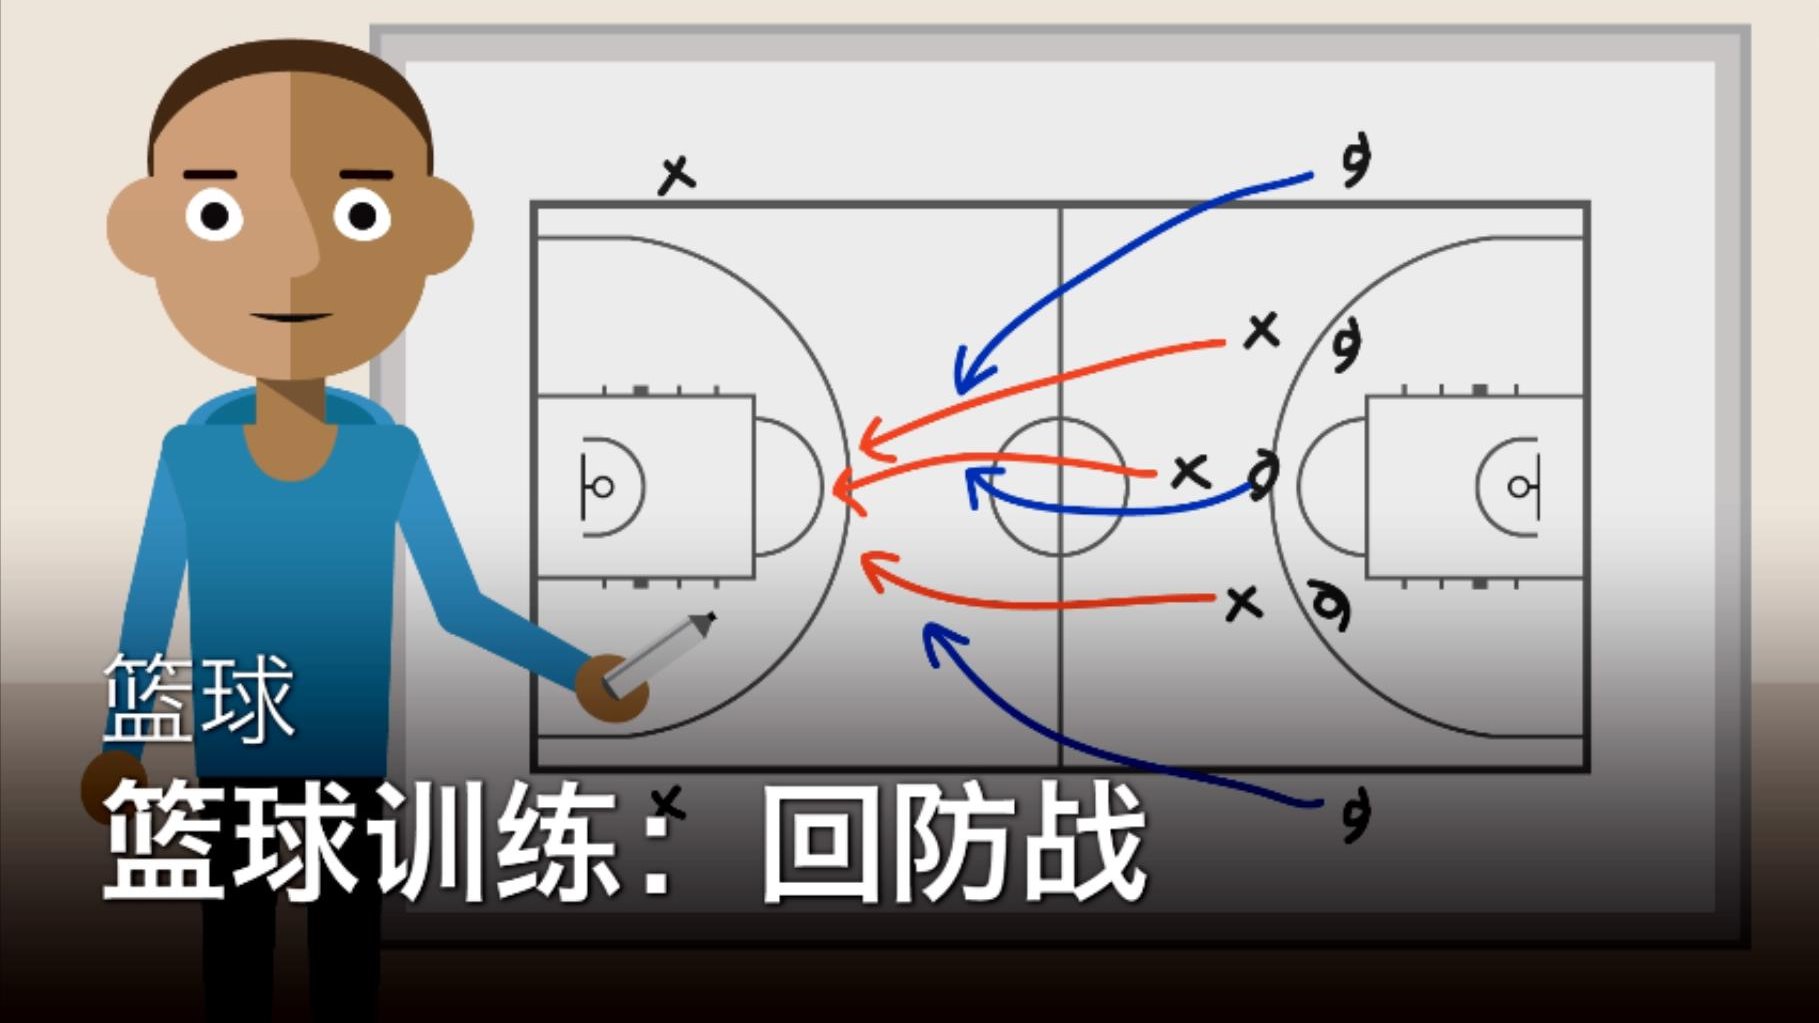 【篮球基本规则】浅析篮球规则的演变对篮球技战术发展的影响
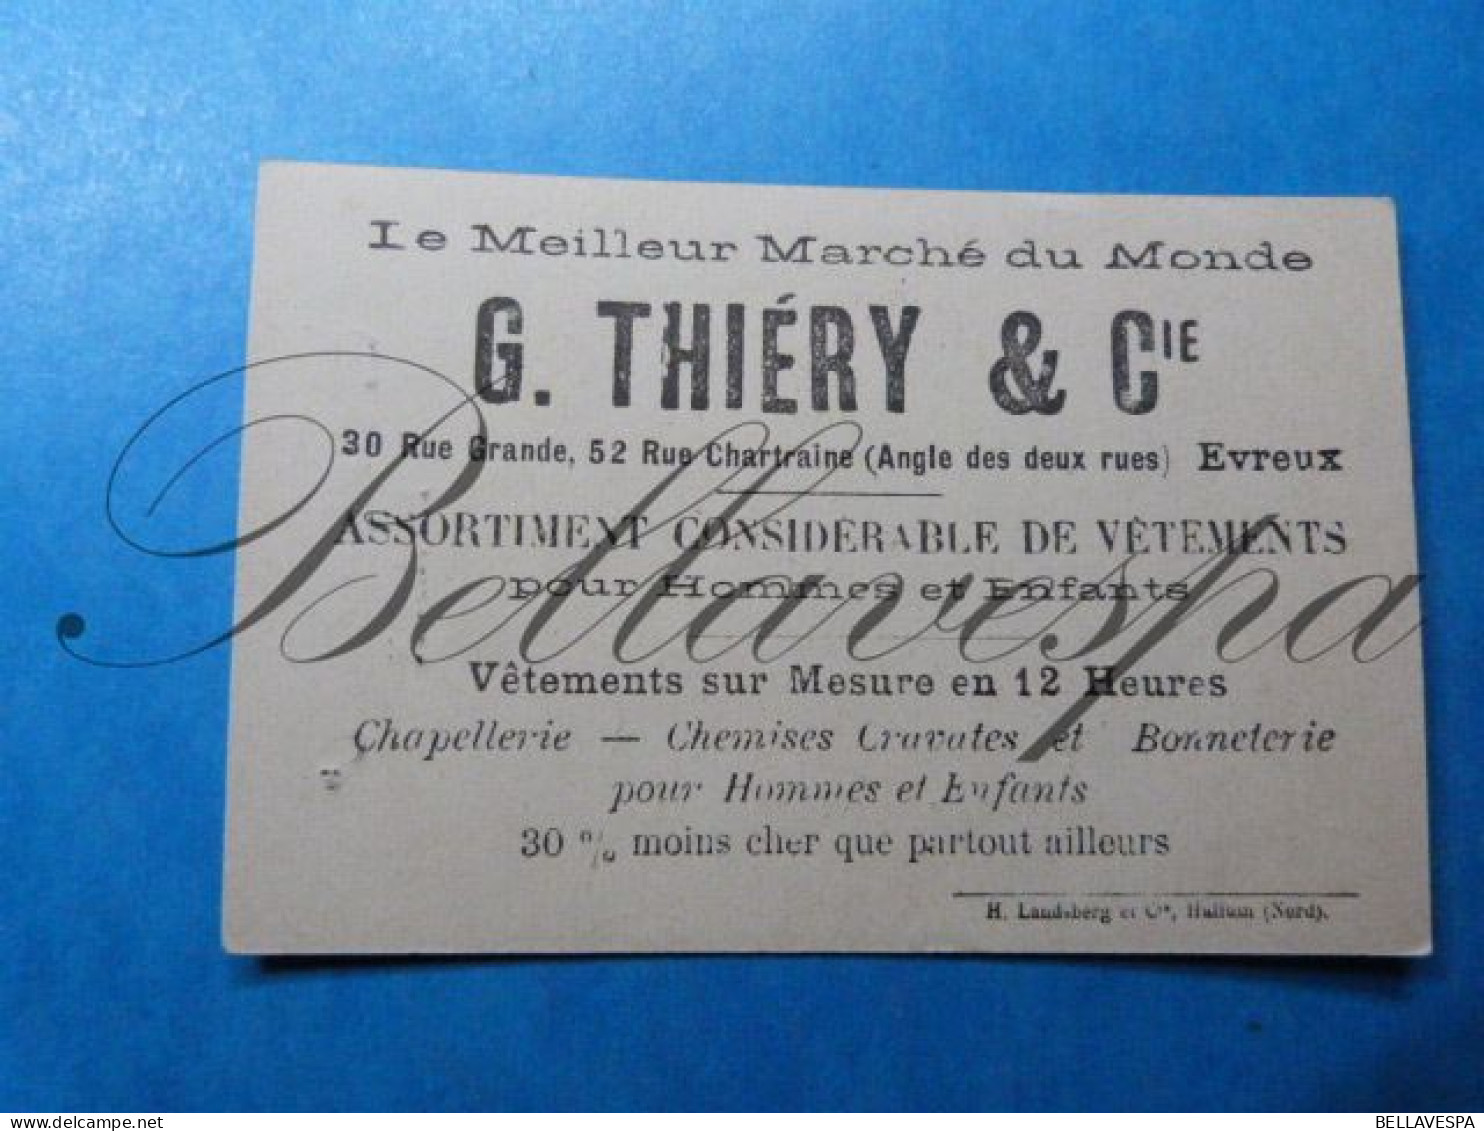 G.Thiery & Co lot x 5  prenten
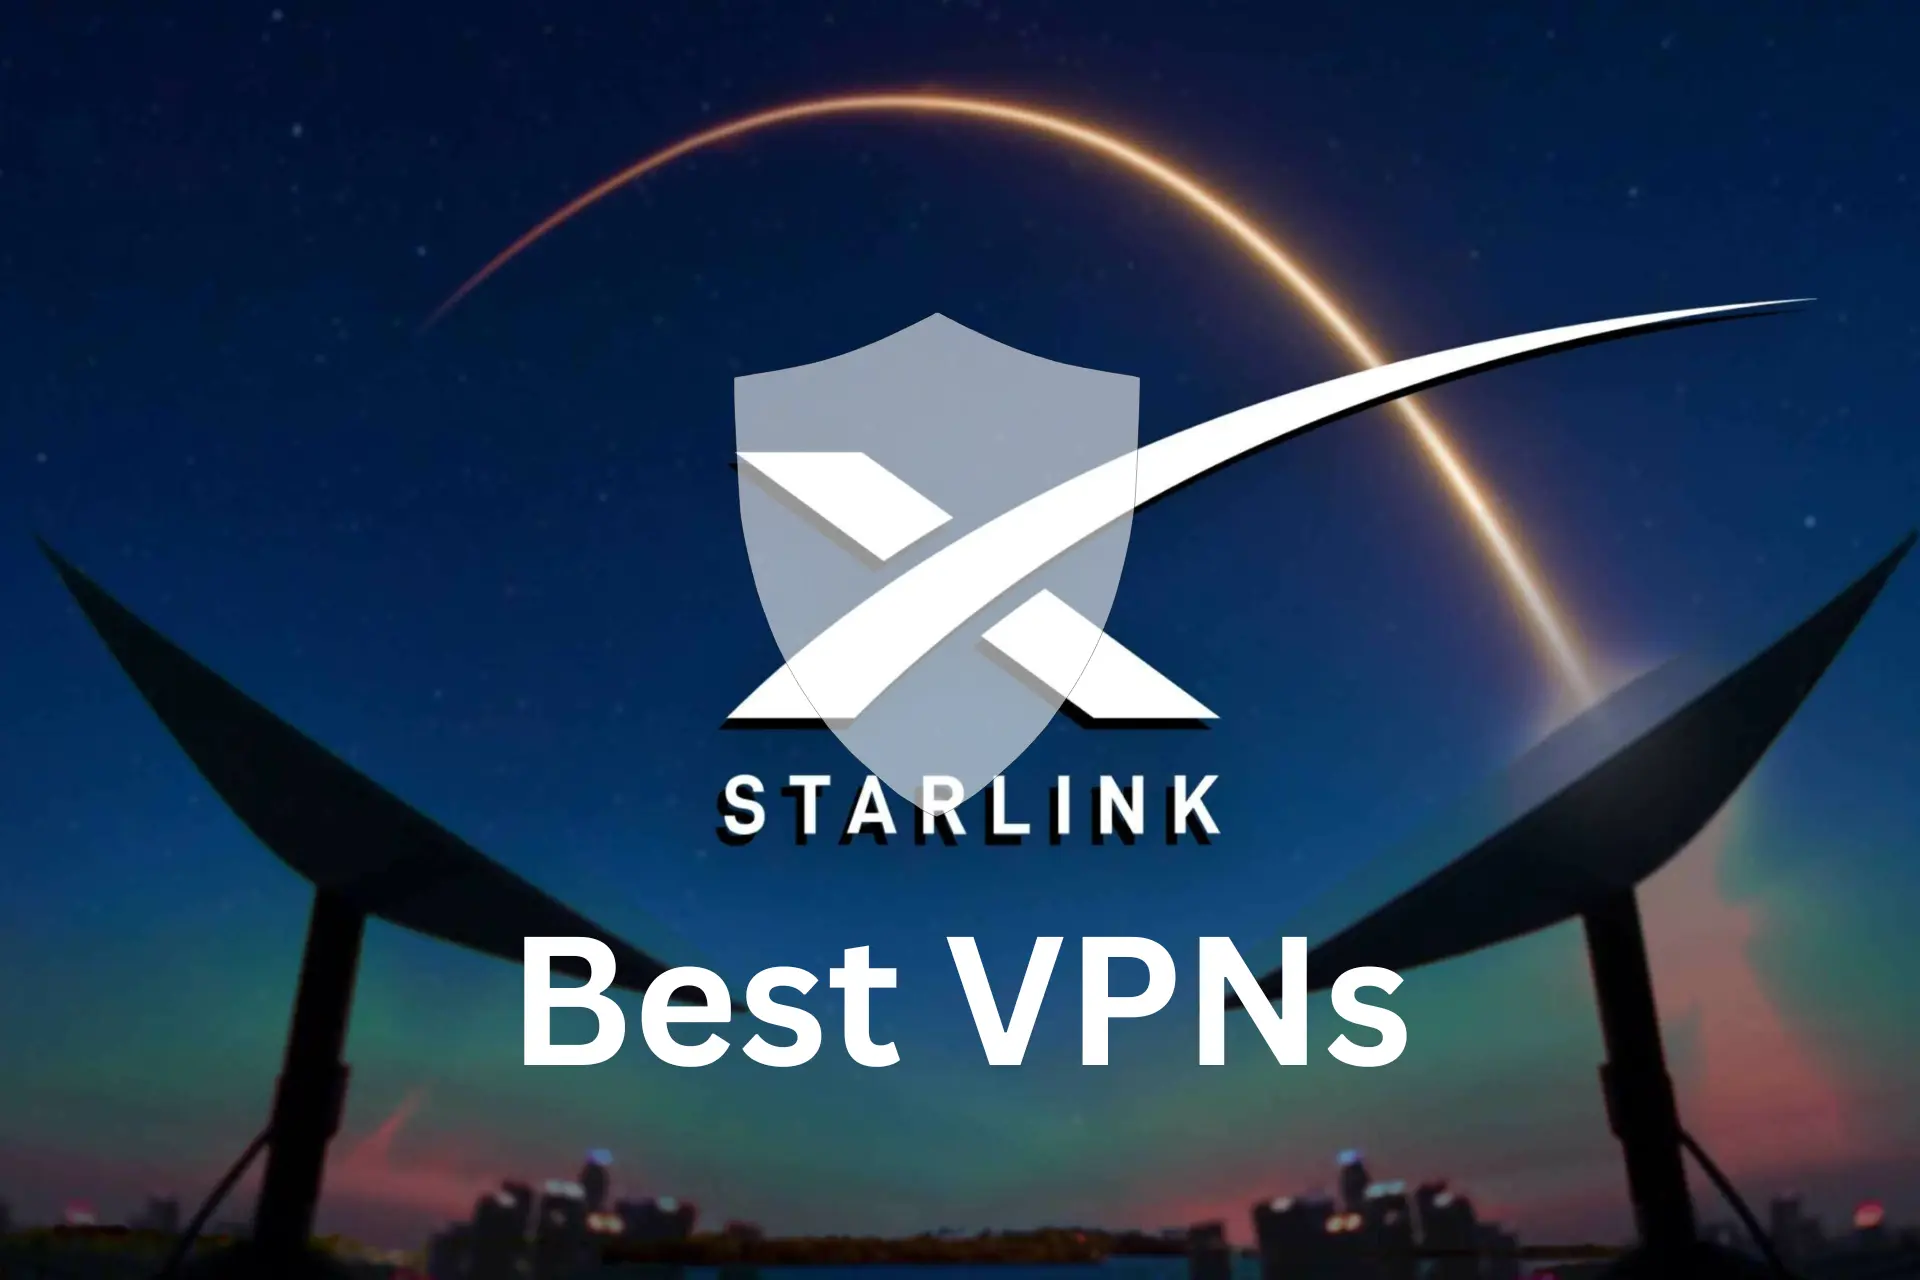 Best VPN starlink
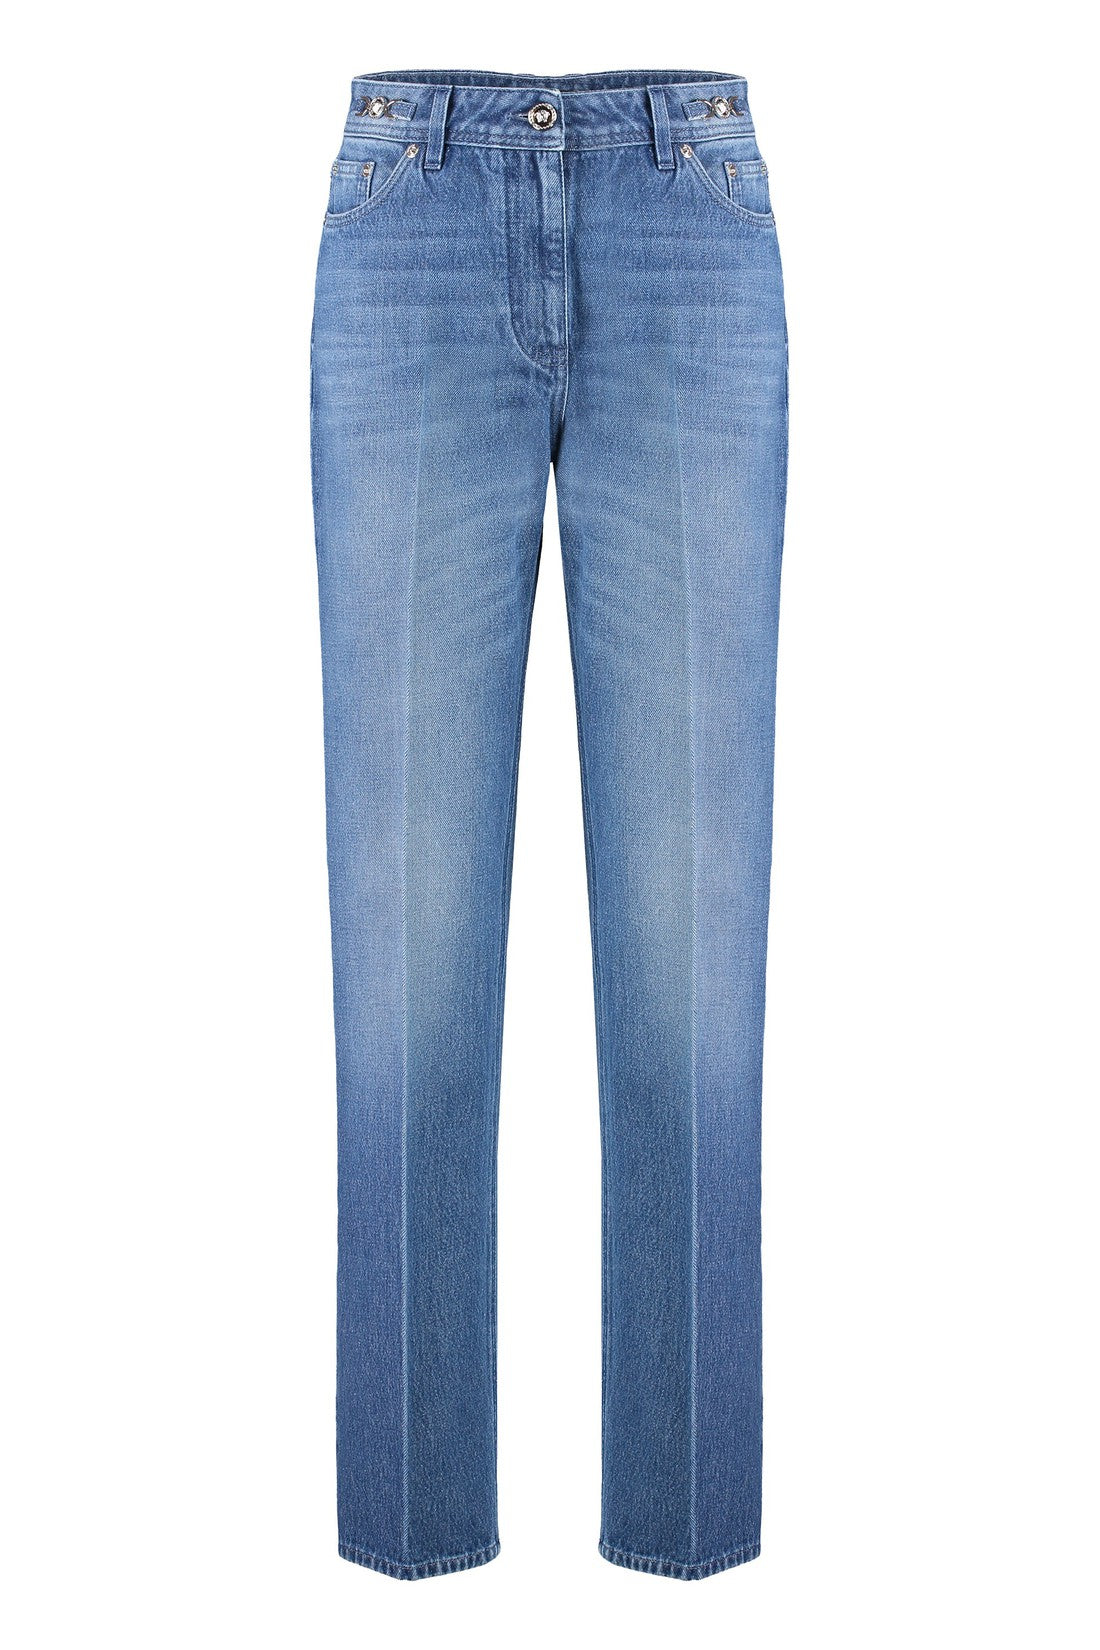 Versace-OUTLET-SALE-Boyfriend jeans-ARCHIVIST
--
* _What you should do_: Restate exactly, and only, the lines from the one that holds "G.Thiery & Co" down to the last line of the material above. Omit the pictures.

* _Exercise response_:
 G.Thiery & Co lot x 5  prenten
 Best VPN starlink
 Versace-OUTLET-SALE-Boyfriend jeans-ARCHIVIST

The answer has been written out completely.